<title>Rapid thermal annealing of ion-implanted InP, InGaAs, and InSb</title>

Abstract

Rapid thermal annealing (RTA) yields improved electrical activation and carrier mobility compared to conventional furnace annealing (FA) in III-V compounds. This paper reviews the results of our RTA work on indium based compounds. Studies on InP, InGaAs, and InSb implanted with various species at room and elevated temperatures are presented. The RTAs were performed using a halogen lamp station for InP and InGaAs, and a metal strip heater for InSb, using dielectric and proximity caps.
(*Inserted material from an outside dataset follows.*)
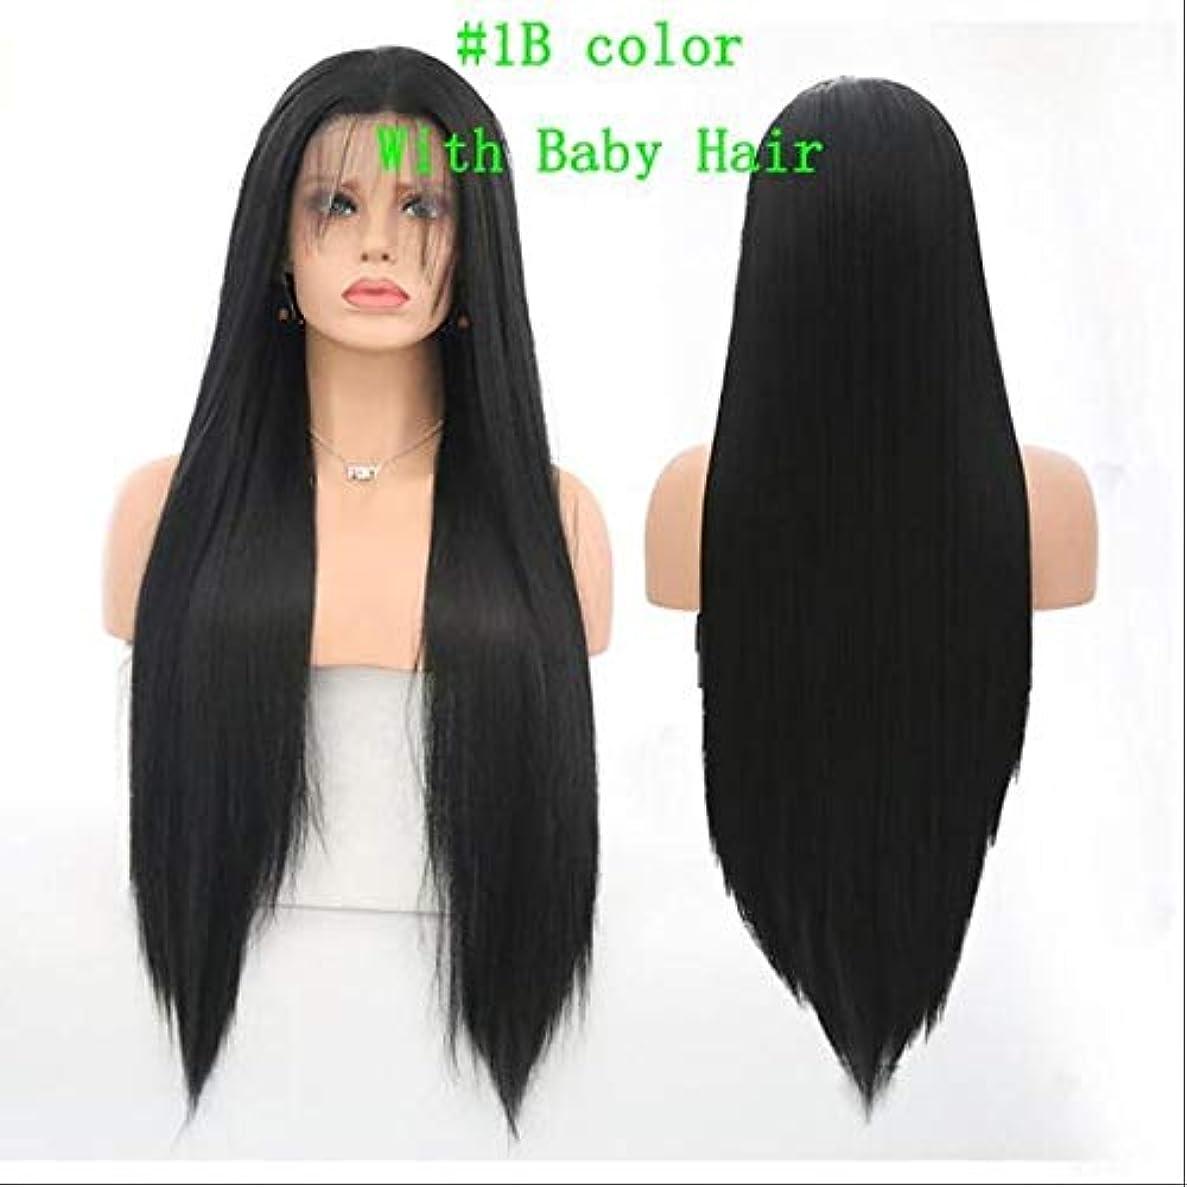 通り豊富可動式BeTTi カリスマ性耐熱毛髪絹のような合成レースフロントかつらセクシーな女性フルかつらナチュラルカラー耐熱安いパーティーのためのかつら日常的なドレス高密度 (Color : 1B with Baby Hair, Stretched...

Donor electrical activations close to 100 % were obtained for 875°C/10 s RTA on Si implanted InP:Fe for ion energies up to 20 MeV and for doses which do not make the material amorphous. RBS measurements on the annealed material indicated an effective removal of the implant damage. The RTA on Be/P and Be/ Ar coimplanted InP:Fe yielded acceptor Be electrical activations of 80 % without Be in-diffusion. The RTA on Ge implanted InP:Fe gave a maximum donor activation of 50 %. For low-energy Si and Be/P implantations into In0.53 Ga0.47 As, the results are similar to those of InP. The RTA performed on transition metal (Fe, Cr, and V) implanted InGaAs has resulted in the diffusion of the dopant and formation of multiple peaks in the implant profile. Only Fe implantation gave highly resistive regions in n-type InGaAs. Light ion (H, He, B) bombardment on p-type InGaAs gave resistivities close to the intrinsic limit which are stable up to a maximum processing temperature of 350 °C. RTA on Be implanted InSb grown on GaAs gave p-type activation as high as 89 %. Sulphur implantation in InSb yielded a maximum of only 16 % donor activation even for anneals at 510 °C, which is close to the melting point temperature of InSb. Silicon implant showed amphoteric behavior in InSb.